Mais, en décentrant à présent notre regard, on relève que parallèlement à ces mouvements de protestation, les enquêtes montrent, notamment chez les jeunes, l’existence d’une forme de contestation sociale à “bas bruit” assez développée durant cette même période précédant le soulèvement de 2011. Même s’il ne s’agit pas d’actions collectives, certaines revendications se recoupent et constituent une continuité avec celles qui étaient portées par les mouvements présentés plus haut. Ainsi, lors de mes enquêtes sur les jeunes dans certains quartiers populaires de Tunis (Ben Amor, 2014), la contestation prend-elle forme à travers un discours souvent porteur de revendications à caractère social, en particulier la question du travail et de la reconnaissance par les acteurs publics.
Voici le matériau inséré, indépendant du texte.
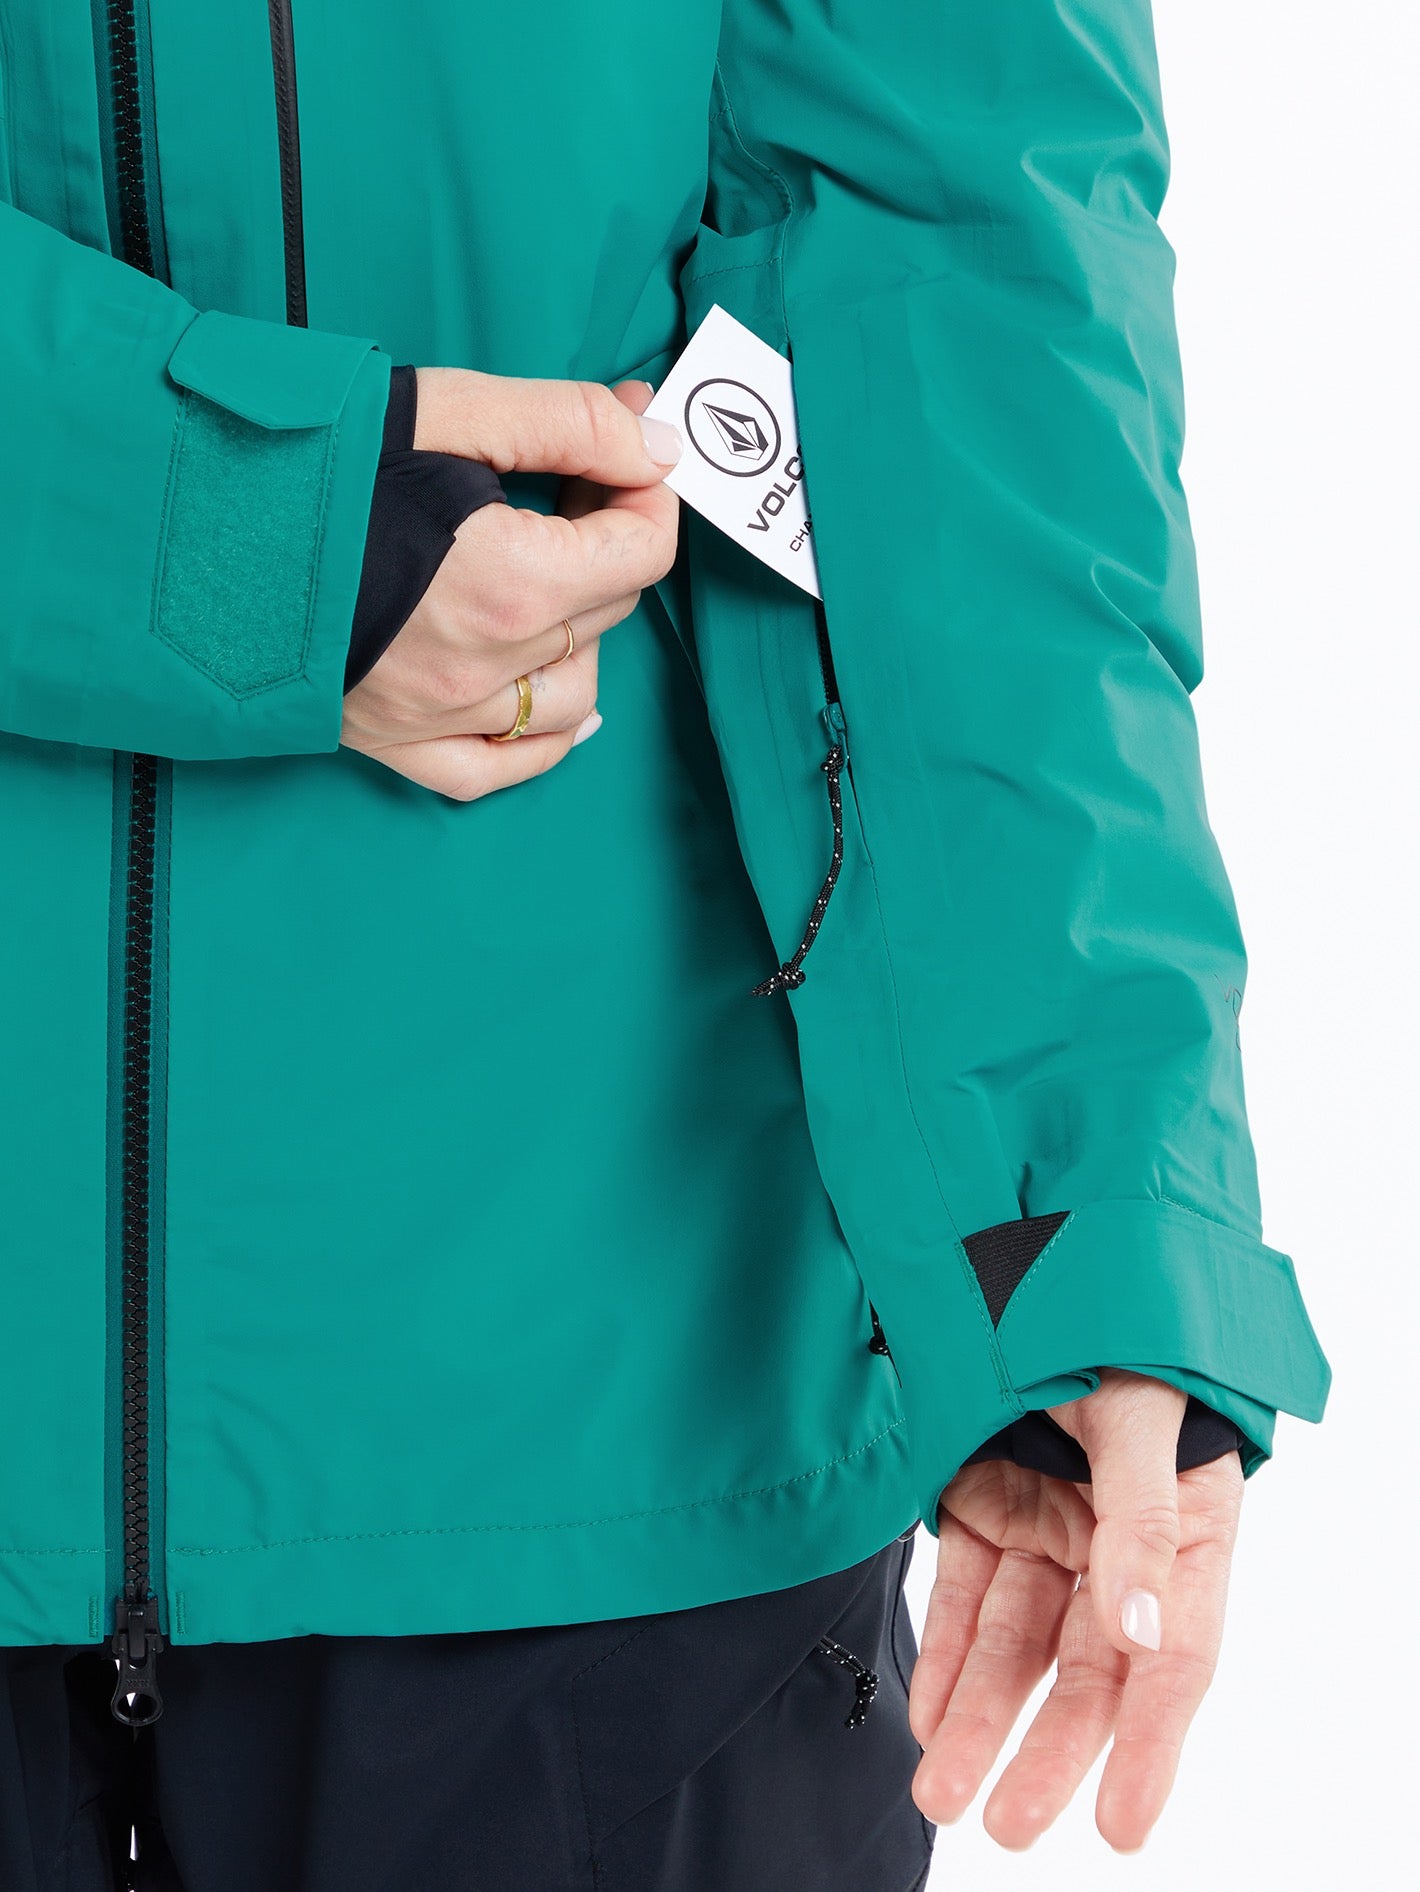 Womens Koa Tds Infrared Gore-Tex Jacket - Vibrant Green – Volcom 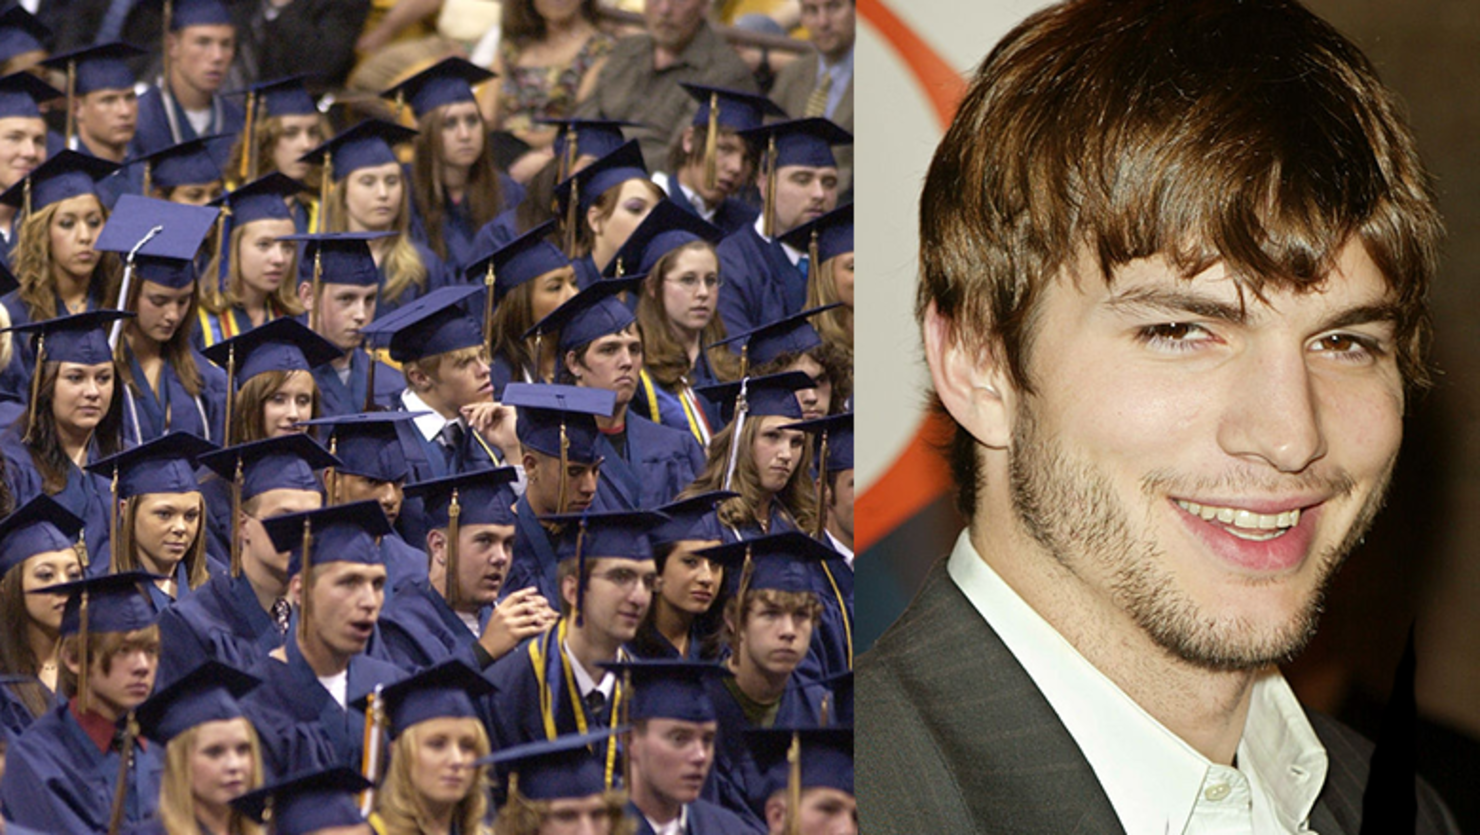 high-school-principal-plagiarizes-ashton-kutcher-in-graduation-speech

En effet, j’avais relevé chez nombre d’enquêtés la présence d’attitudes renvoyant à une forme de critique sociale qui va s’élargir à la notion de droits, souvent rapportés au monde du travail. Ceci suggère un rapprochement avec la notion de citoyenneté qui reprend à son compte l’idée de droits souvent présente dans le discours des jeunes. Il s’agirait plus précisément de citoyenneté sociale. Autrement dit, il m’est clairement apparu qu’ils ne raisonnaient pas en termes de citoyenneté mais en termes de revendication de certains droits semblables pour tous, la notion de « droit » étant à prendre ici dans le sens d’obligation attendue de leur part, car ils pensent que les acteurs institutionnels 13 tout autant, bien qu’à un moindre degré, que les agents économiques (entreprises, etc.) sont dans l’obligation de les leur fournir. A ce propos, il m’avait semblé particulièrement intéressant de noter le passage chez nombre de jeunes de la notion de « je veux » qui ne traduit pas la possibilité de soumettre une demande à la délibération en termes de droits, à la notion plus proche de la citoyenneté « j’ai droit à », que l’on retrouvera par la suite dans la bouche des jeunes lors du soulèvement de 2011 : « le travail est un droit, bande de voleurs ».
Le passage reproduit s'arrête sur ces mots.